__YOUR TASK__:
Make an exact copy of the listing below. Pictures stay out of it.

__INFORMATION__:
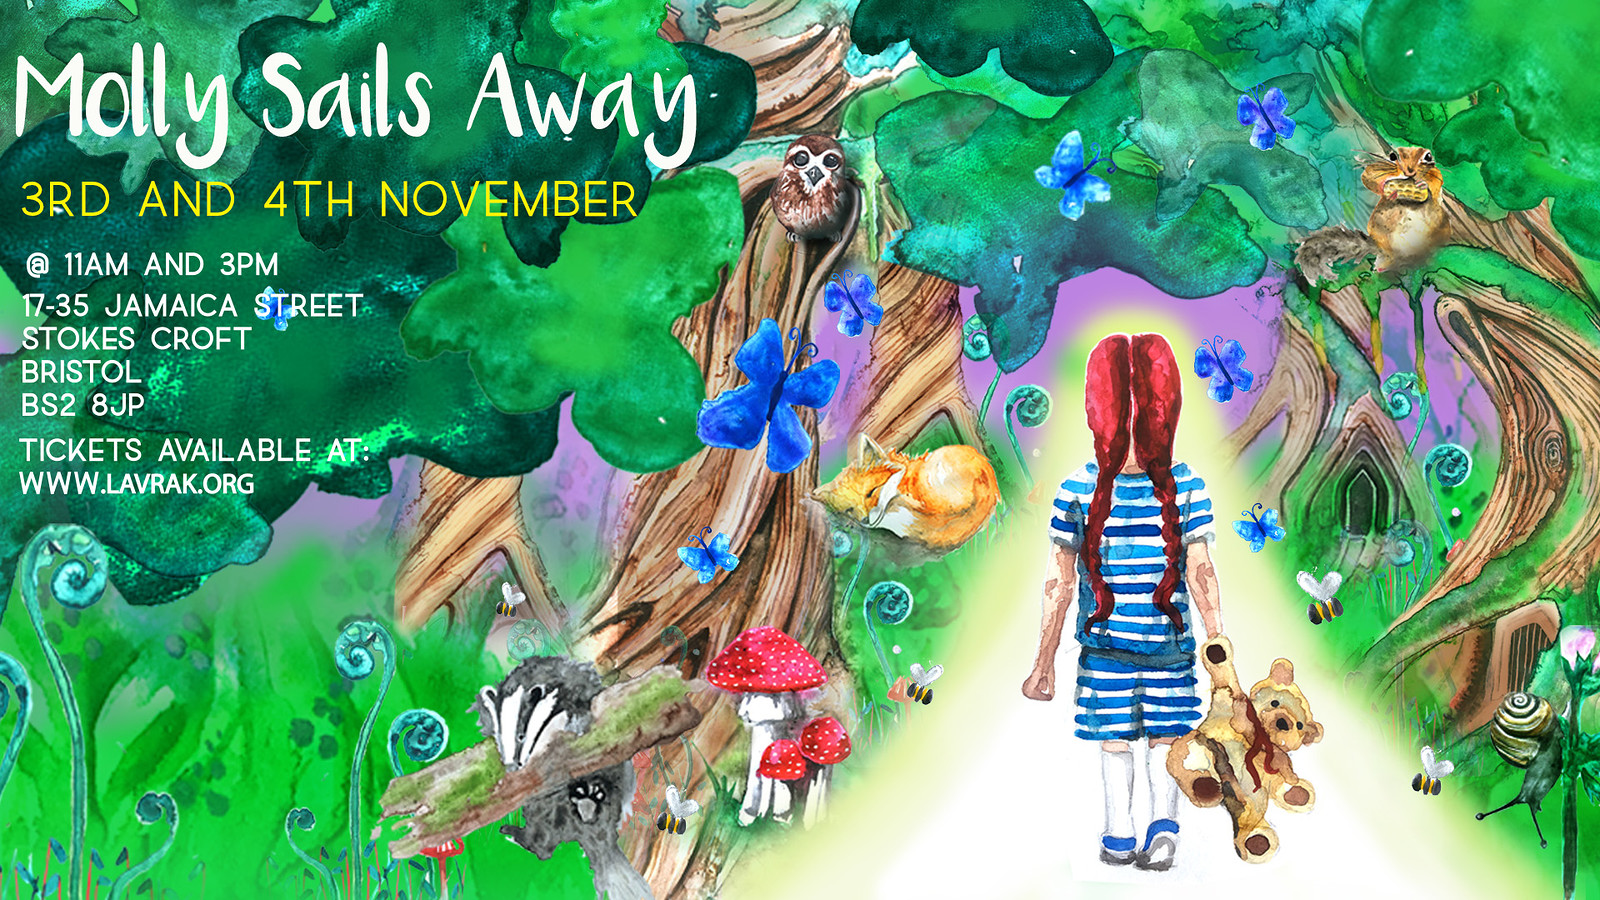 Molly Sails Away - A Narrative Family Circus Show at PRSC
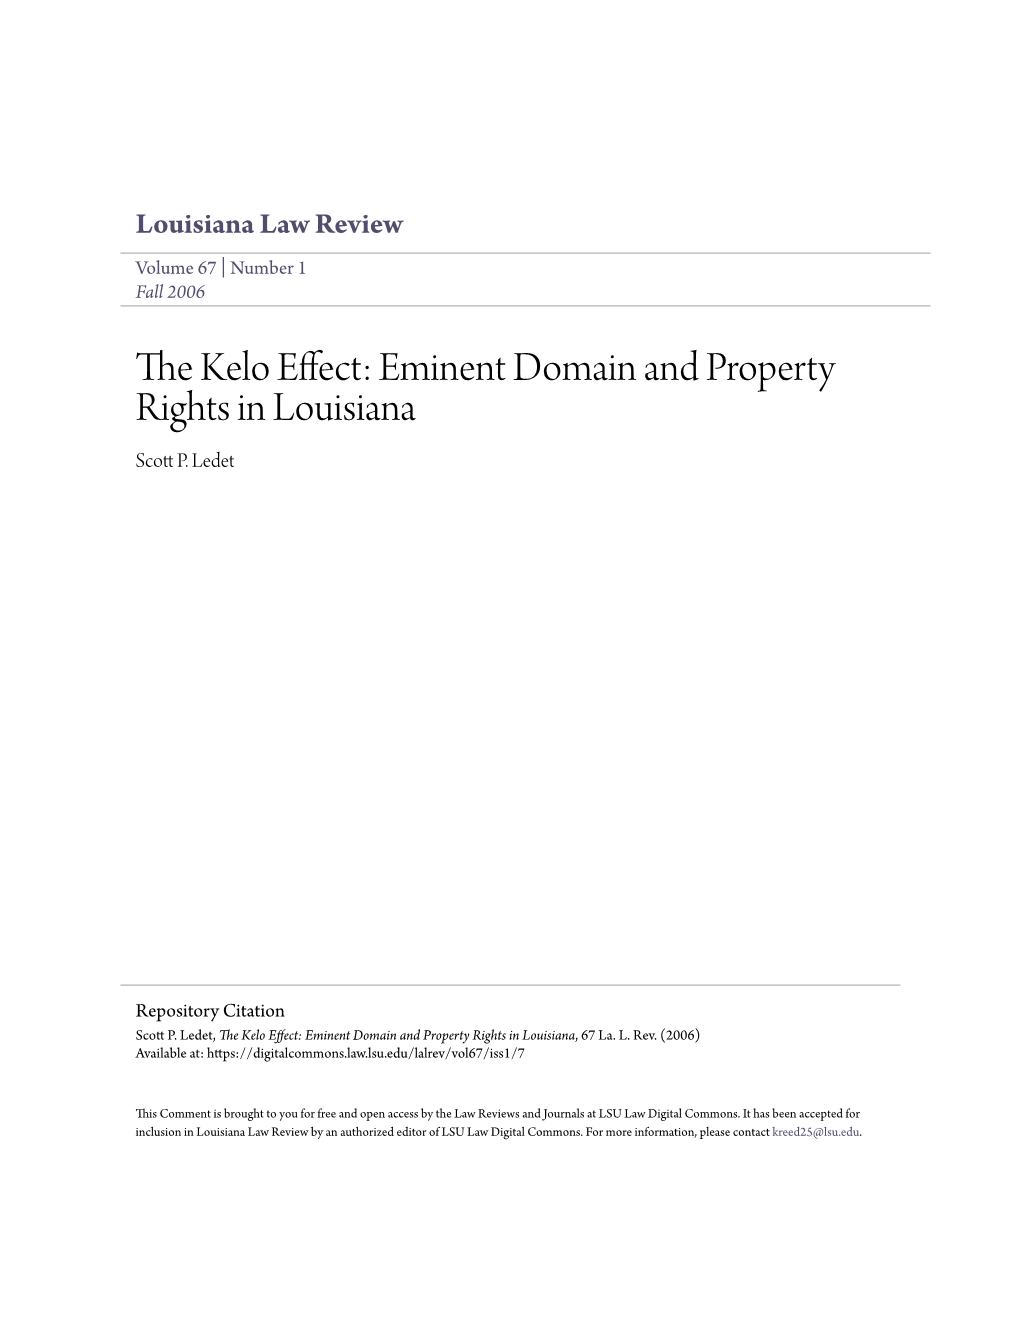 Eminent Domain and Property Rights in Louisiana Scott .P Ledet
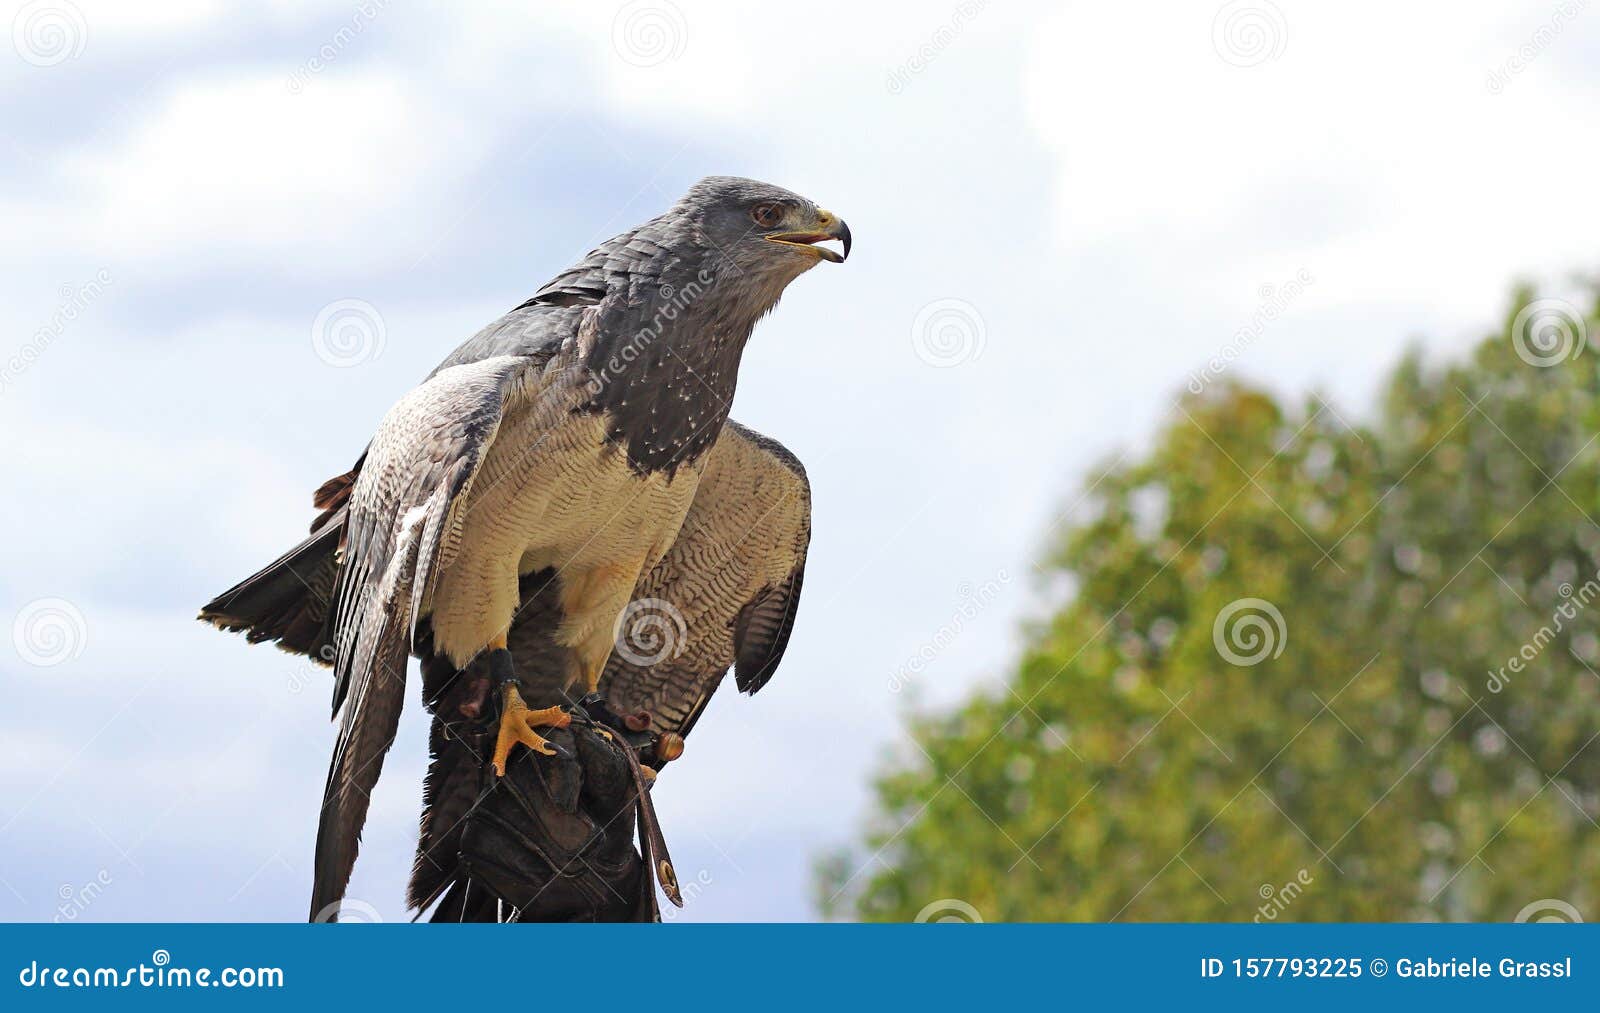 bird of prey aguja sitting on a falconer glove
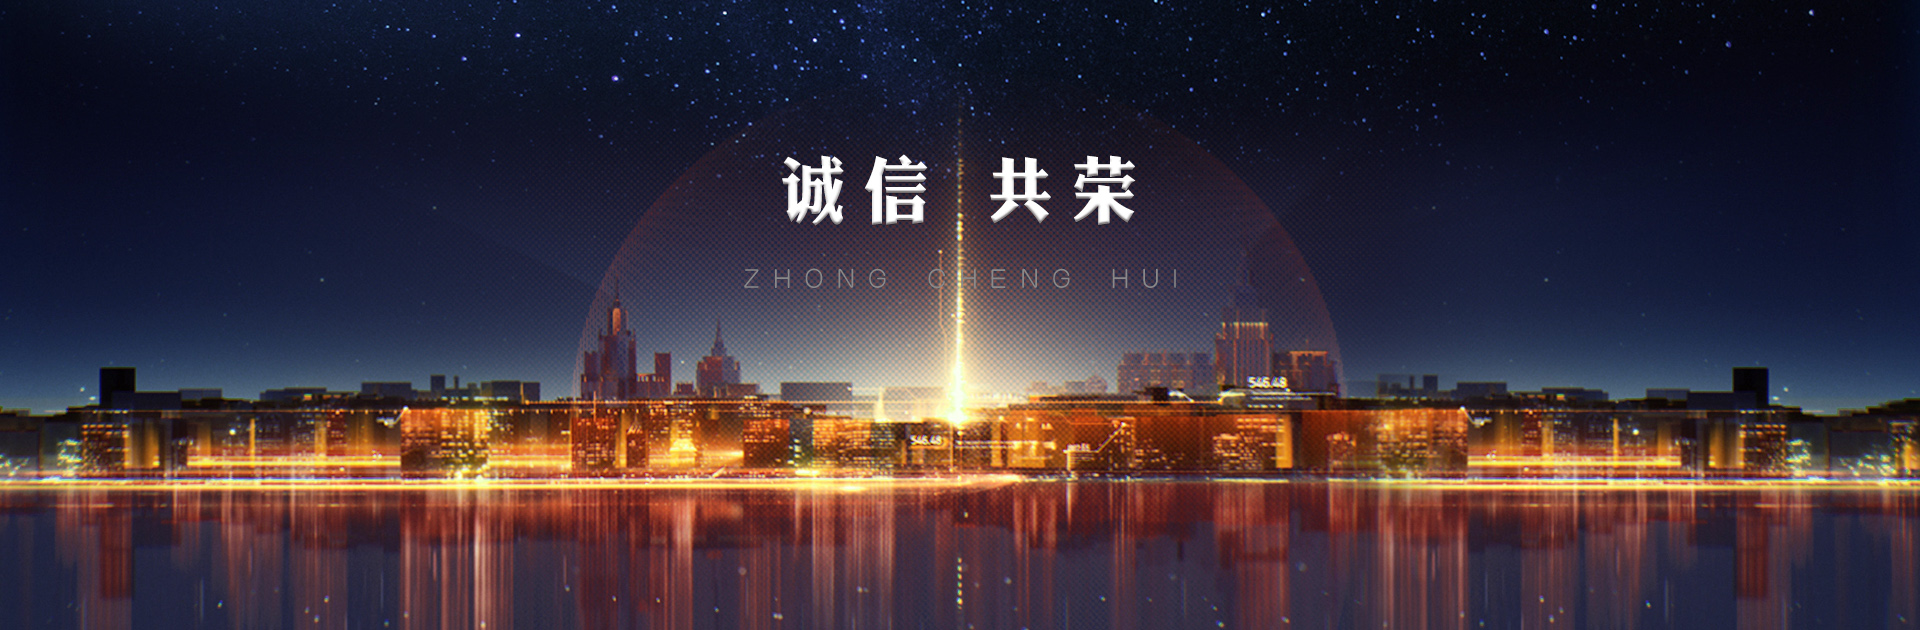 HTH华体会·(中国)官方网站
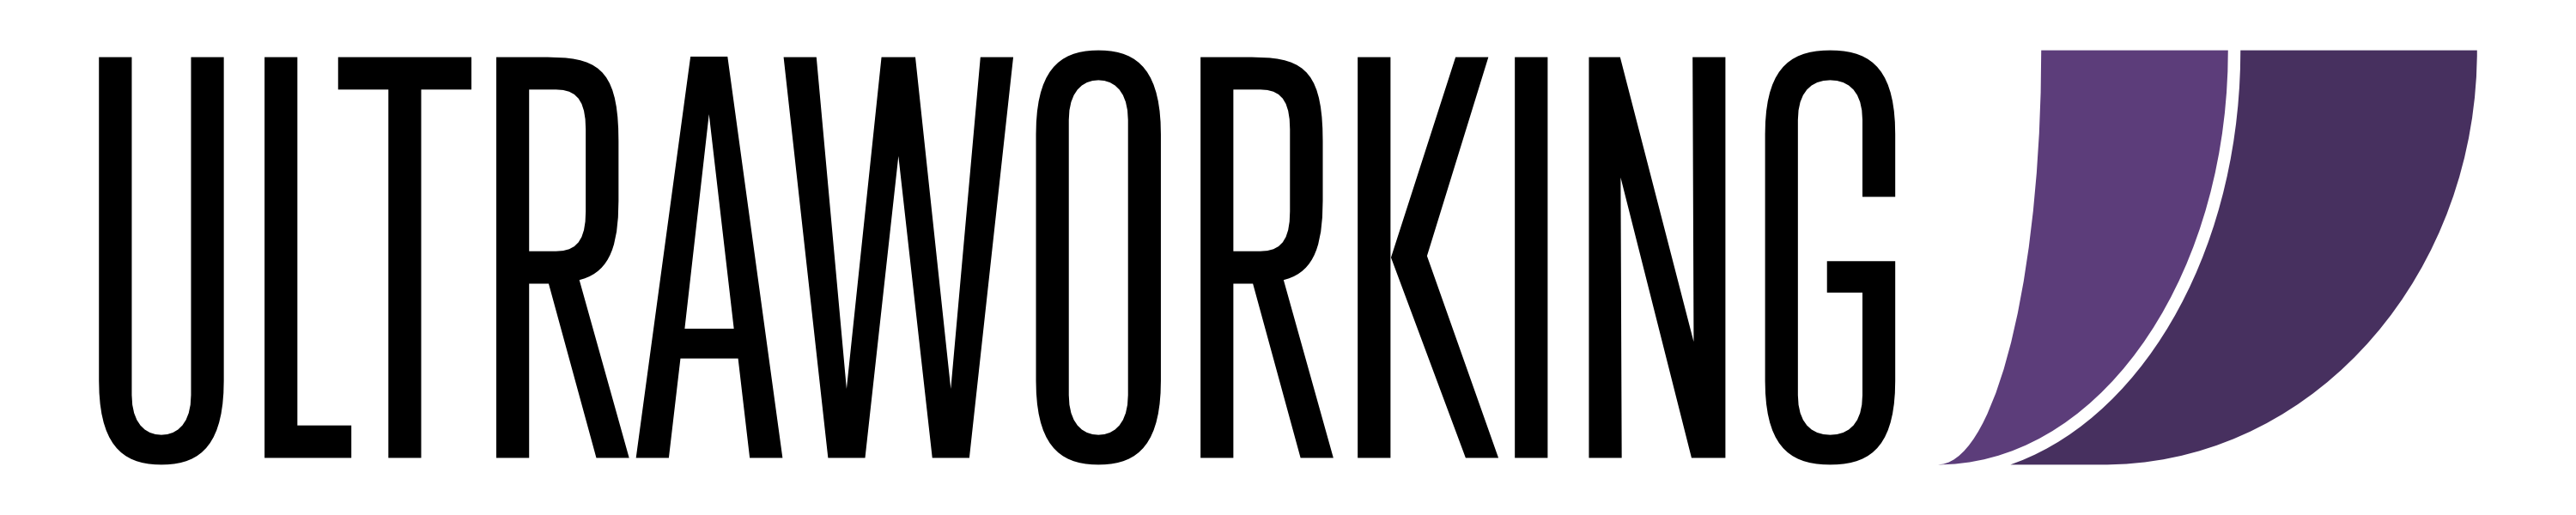 Ultraworking Logo

__ANSWER SPACE__:
 Molly Sails Away - A Narrative Family Circus Show at PRSC
 Eminent Domain and Property Rights in Louisiana Scott .P Ledet
 bird of prey aguja sitting on a falconer glove
 HTH华体会·(中国)官方网站
 Ultraworking Logo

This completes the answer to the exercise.